Exactly. It's insane.
Like what?
Why else should they do something?
So the only upside to this is that there seems to be a greater understanding amongst at least
the younger Democratic establishment and other Democrats that we need to do something
about court reform.
Like this is something that should have happened under the Biden administration.
And there also seems to be at least some understanding.
Maryland, I think now is going to redistrict.
The governor is starting to come around.
Spanberger.
I mean, they could do more stuff in Virginia that would highlight the fact that there
have been three Republican states that have packed their courts in the wake of other
decisions they didn't like in the past five years.
six years
Utah
I can't remember
where else it was
there were two other states
Utah was the most recent
Wisconsin I think it was like
Ohio
Ohio they overruled it
and they just ran with it anyway
Yes
Virginia could do this
could
It's a constitutional amendment
like it's not up to
the Virginia Supreme Court
They're calling out the paperwork
It's like, hmm, constitution.
The technicality was not even a legitimate technicality, frankly.
But also, so yeah, the Constitution is, it's, you interpret the Constitution.
The Constitution's been written by the voters.
Like, the interpretation is, it's not up for interpretation.
It's very crystal clear what they passed.
It does feel like, I don't know, I just, we had read a quote from Hakeem Jeffries.
where he said like, you know, we're going to crush their soul on this stuff.
If we take over the House and the Senate.
And I mean, it's nice to hear that stuff.
And I think that there's a sense amongst like progressives in the House that Jeffries is a lot less ideologically cemented than Nancy Pelosi was.
Yes.
And also a lot of these CBC members worked on issues.

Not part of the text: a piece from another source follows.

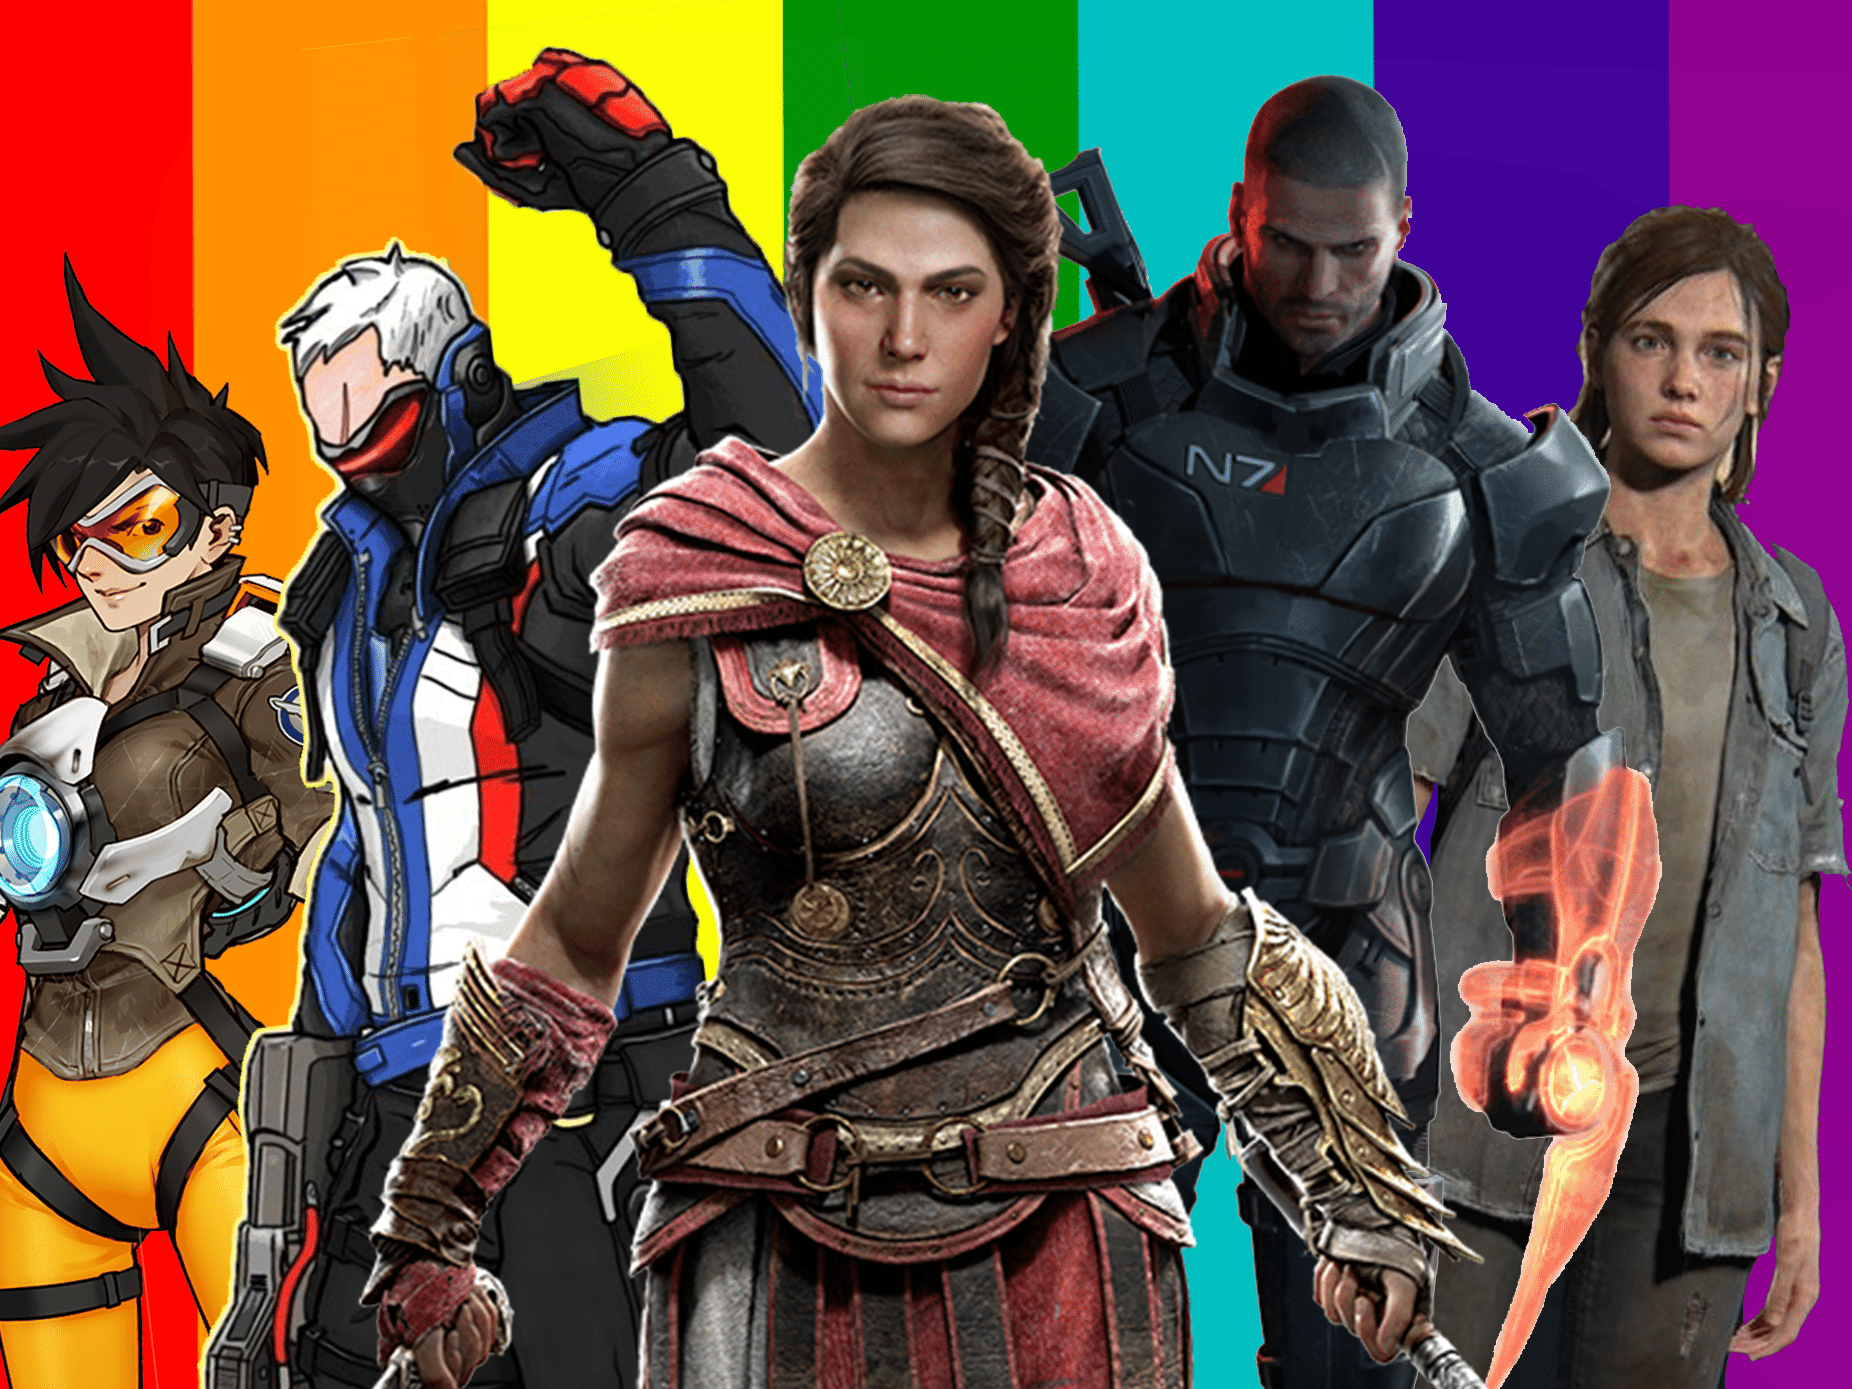 Games: personagens LGBTs ganham espaço, mas ainda são tabu

when it came to business interests for their states,
worked very collaboratively over decades with Republicans.
So I think they feel an actual sense of betrayal as well.
The CBC does.
Yeah.
There's also an interesting thing that, like John Lewis, apparently, like,
I've been reading, I think it was John Lewis was, like, hesitant about some of the Voting Rights Act stuff in 1985,
where it was sort of expanded in some ways.
because he felt that it was going to break up the relationship between white progressives and the black community,
which traditionally was actually had like a more vibrant sort of like radical tradition.
And, you know, it's funny because I had the Lake Glenn Ford on in 2012.
he was arguing that Obama had killed that tradition
and that Obama, because of that was the greater evil.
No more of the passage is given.